TASK DESCRIPTION => Without the images, repeat every line of the listing verbatim.

*** Opening PROVIDED DATA ***

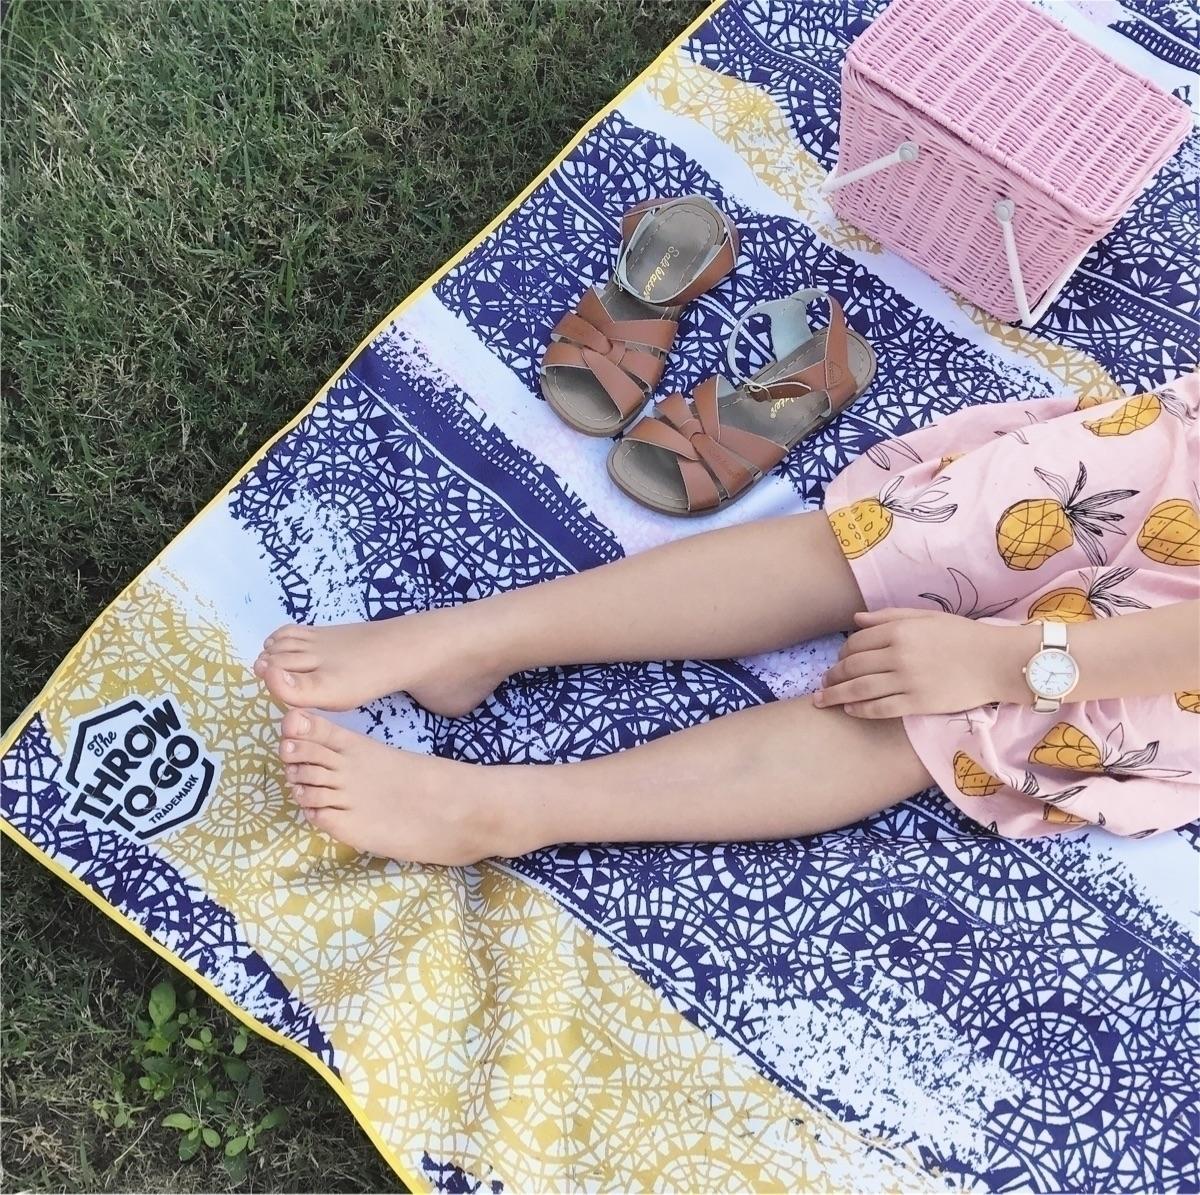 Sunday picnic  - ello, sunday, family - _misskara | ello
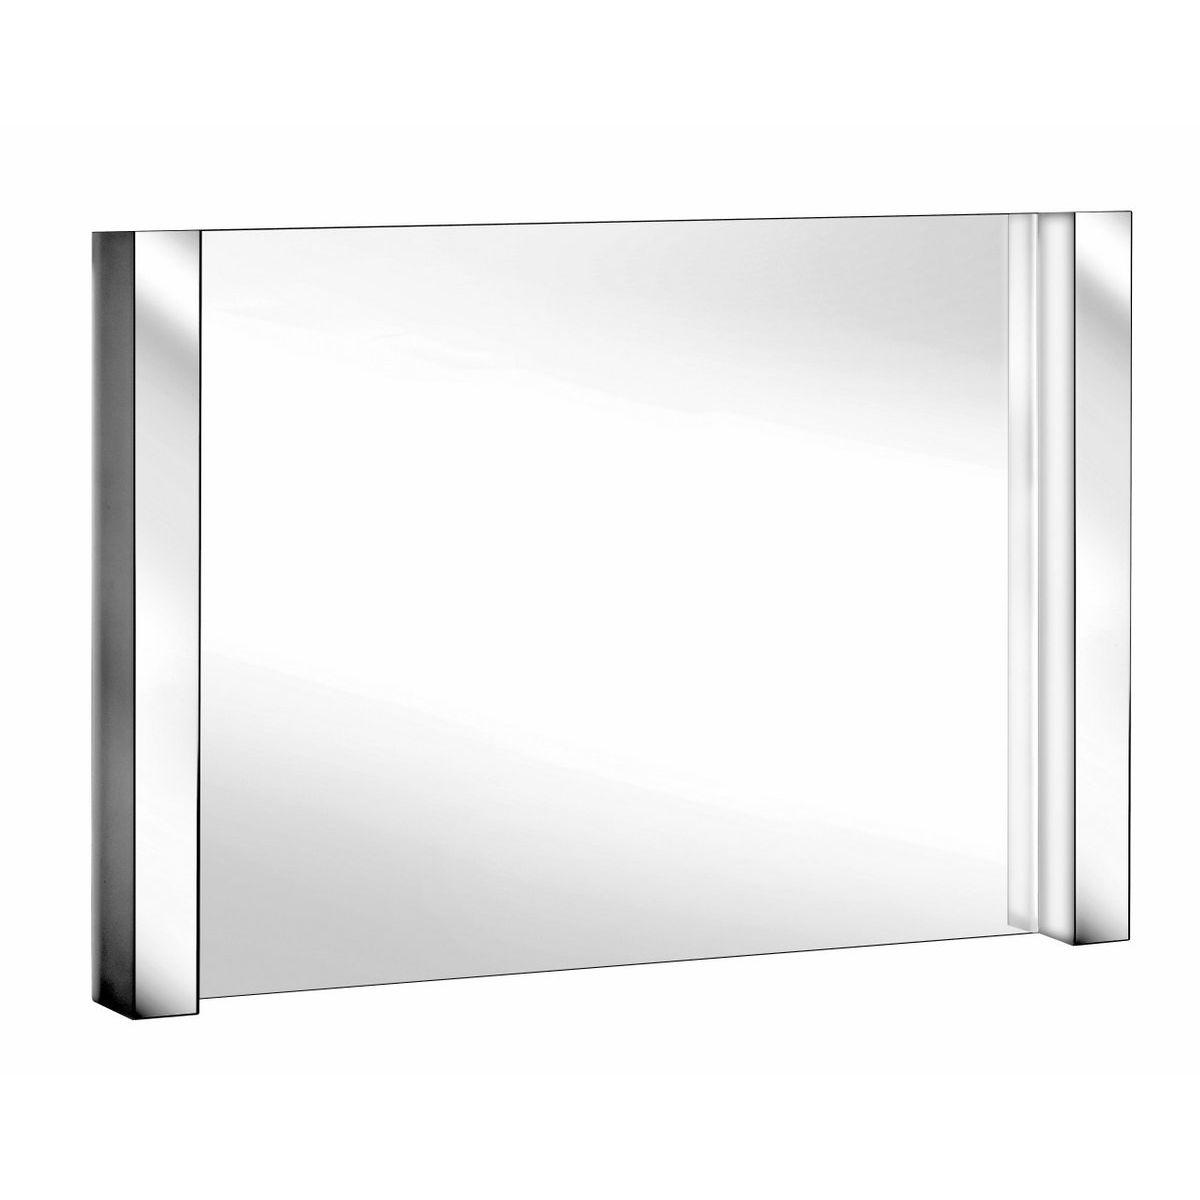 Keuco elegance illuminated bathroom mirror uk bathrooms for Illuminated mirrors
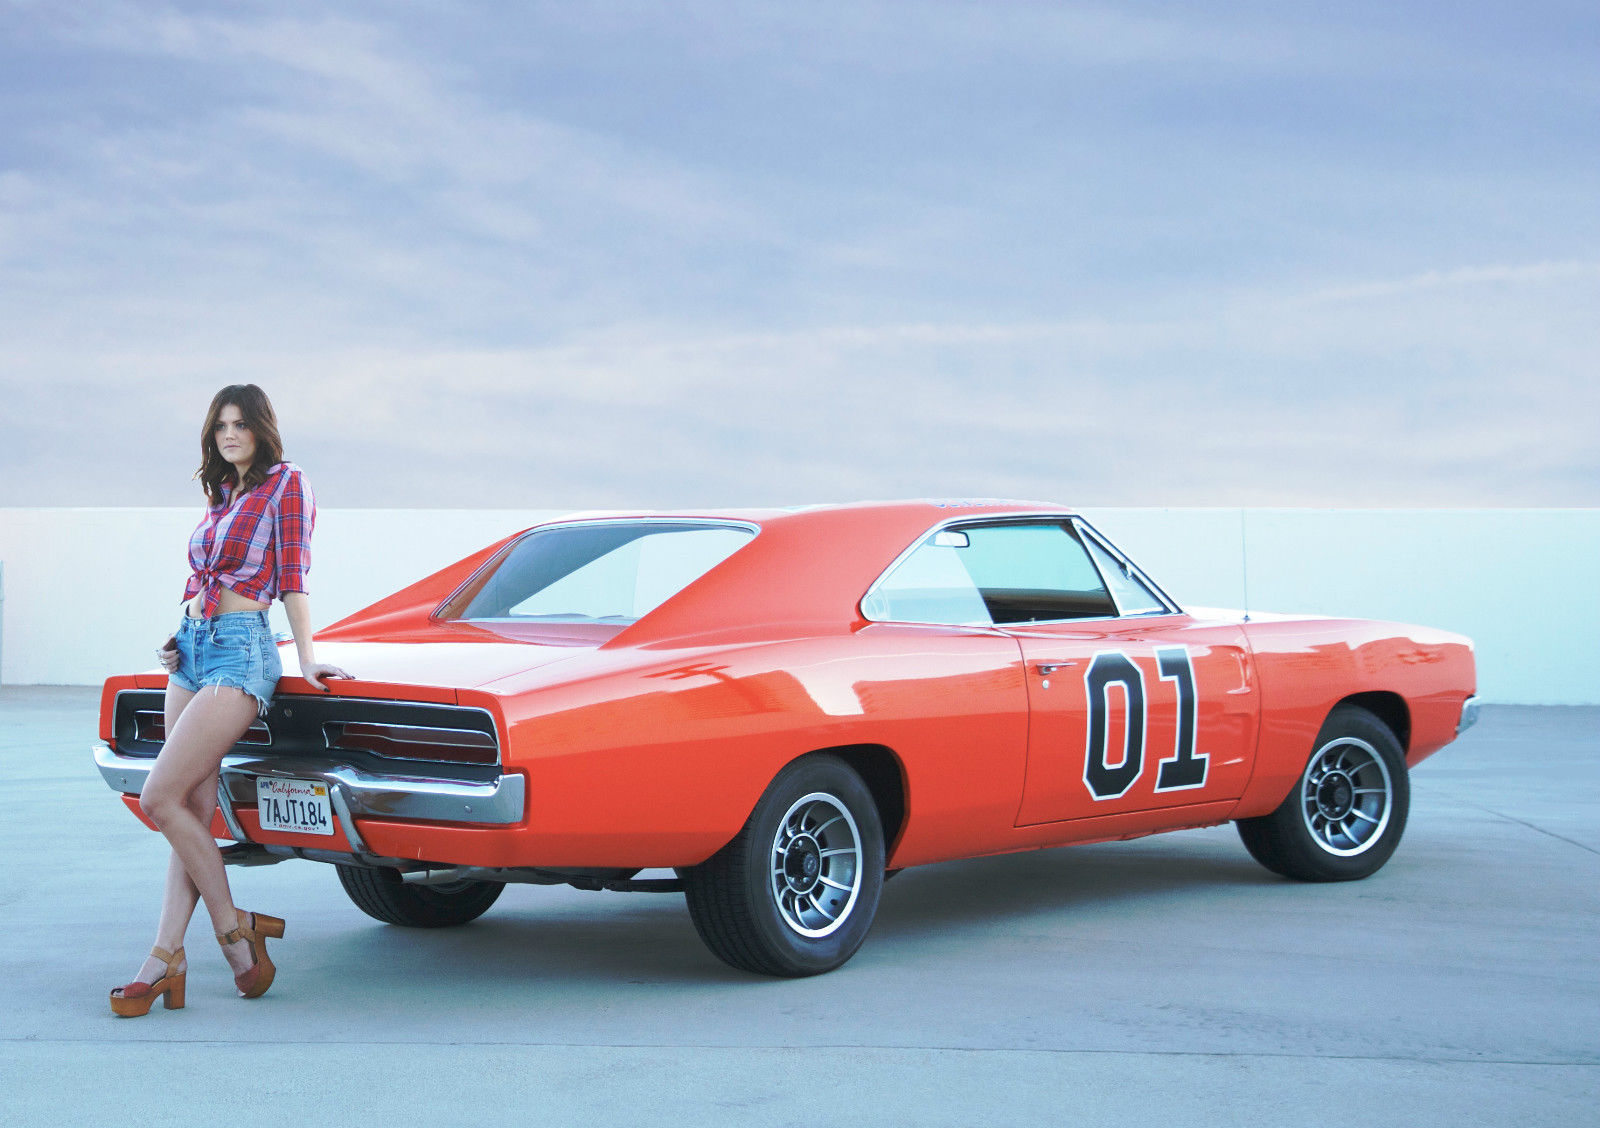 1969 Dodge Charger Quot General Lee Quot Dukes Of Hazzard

*** Closing PROVIDED DATA ***

ANSWER SECTION =>
 Sunday picnic  - ello, sunday, family - _misskara | ello
 Keuco elegance illuminated bathroom mirror uk bathrooms for Illuminated mirrors
 1969 Dodge Charger Quot General Lee Quot Dukes Of Hazzard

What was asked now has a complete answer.